Away (Netflix): In its mission to be all things for all people, I'm not necessarily surprised Netflix whipped up a weepy drama to take on behemoth network hits like "This is Us." And while this show isn't for me, I do like how it never tries to disguise its emotional manipulation. Plus, because Netflix is printing money at this point, the show landed a legit star like Hilary Swank in the lead and makes its production looks like it cost many millions of dollars. After all, it's just paper!
Something Old
Memento (2000): If you've already seen this movie, or had its gimmicky conceit spoiled for you, then I doubt you'll derive too much pleasure in revisiting it, though it's hard to believe Nolan's arrival feature is now 20 years old. However, on the off chance you've never heard of this movie or don't know anything about it, oh baby do I have a recommendation for you. This is easily Nolan's most formally inventive and cleverly executed movie, pulling off a magic trick that's actually worth its incredibly loud set up. The confines of a smaller budget keeps Nolan more focused, bringing this movie in at under two hours and without the usual flashy rabbit trails.
Something to Stream
Dunkirk ($$$): I realize this is a bit of cheat since this movie recently got removed from the HBO library and now you have to drop a couple bucks to rent it, but I had to include it here because as I spent time revisiting and thinking about Nolan's career this week I realized this is probably my favorite of his movies (unfortunately The Dark Knight did not end at the 90-min mark). The Nolan magic trick is still present, but the rest of the presentation has been stripped down to its bear essentials. No explanations, no philosophizing, no exposition. It's a visceral war movie experience that Trojan Horses in a great story. It's peak Nolan.

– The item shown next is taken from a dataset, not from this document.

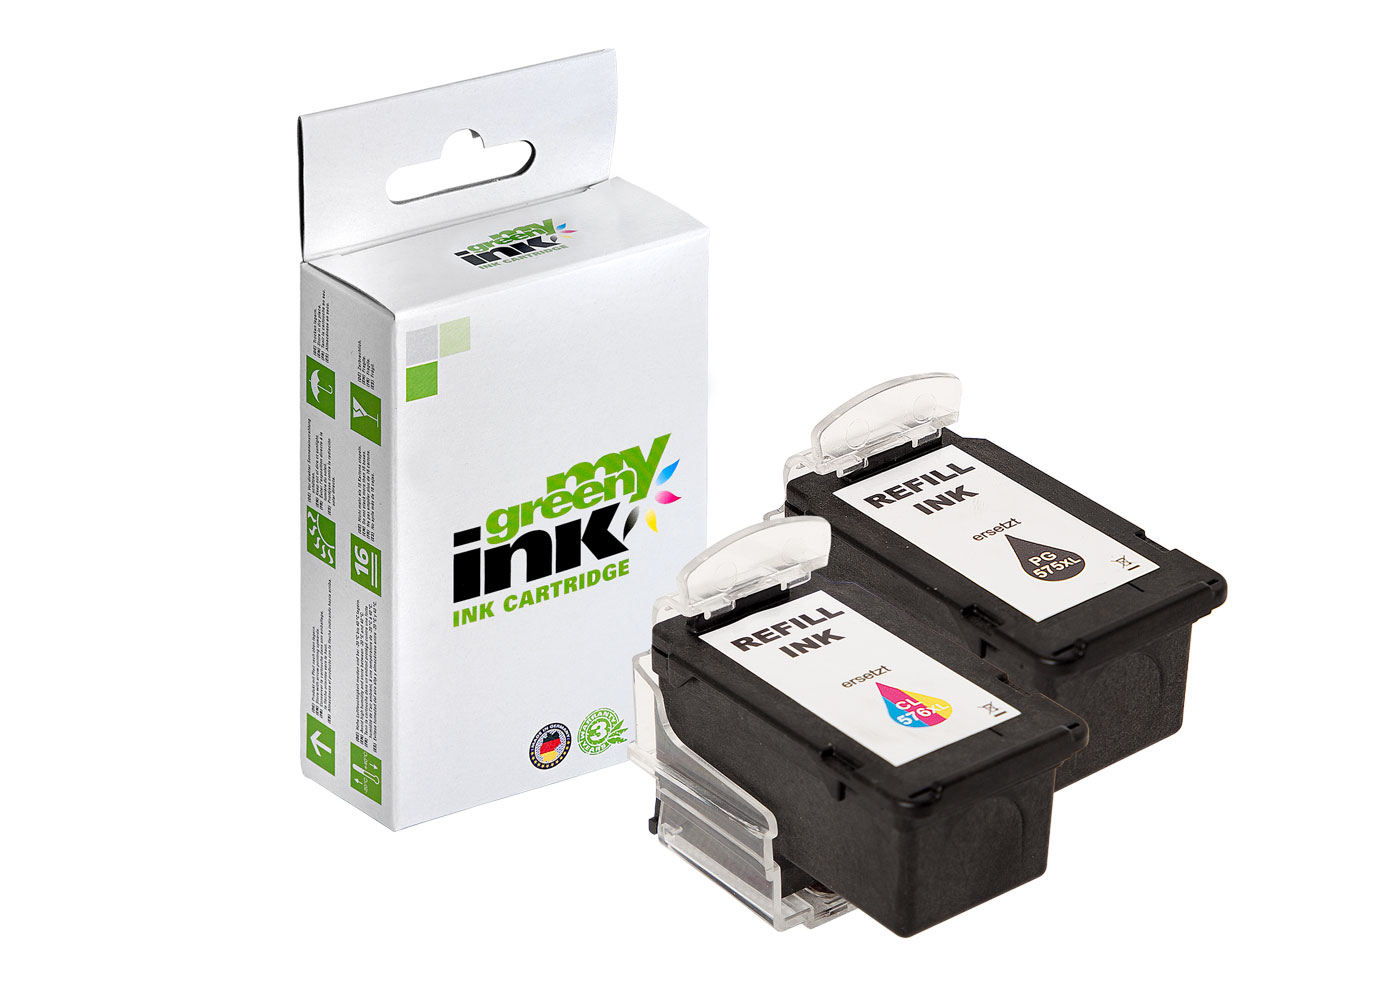 Refill Tintenpatronen passend für Canon Pixma TR 4750, TS 3550 u. a.

Trailer Watch: The Trial of the Chicago 7
Aaron Sorkin and courtrooms go together like peanut butter and jelly. And even though the "The West Wing" and A Few Good Men writer botched his first directorial effort (Molly's Game), I'm willing to give him the benefit of the doubt when it comes to this politically-charged drama with a cast that's literally too good to long to list out. Evidently, the limit does not exist on glossy 1960s retrospectives. And the best news of all is that this movie is being distributed by Netflix, so we're guaranteed to actually be able to see it this year! Woo!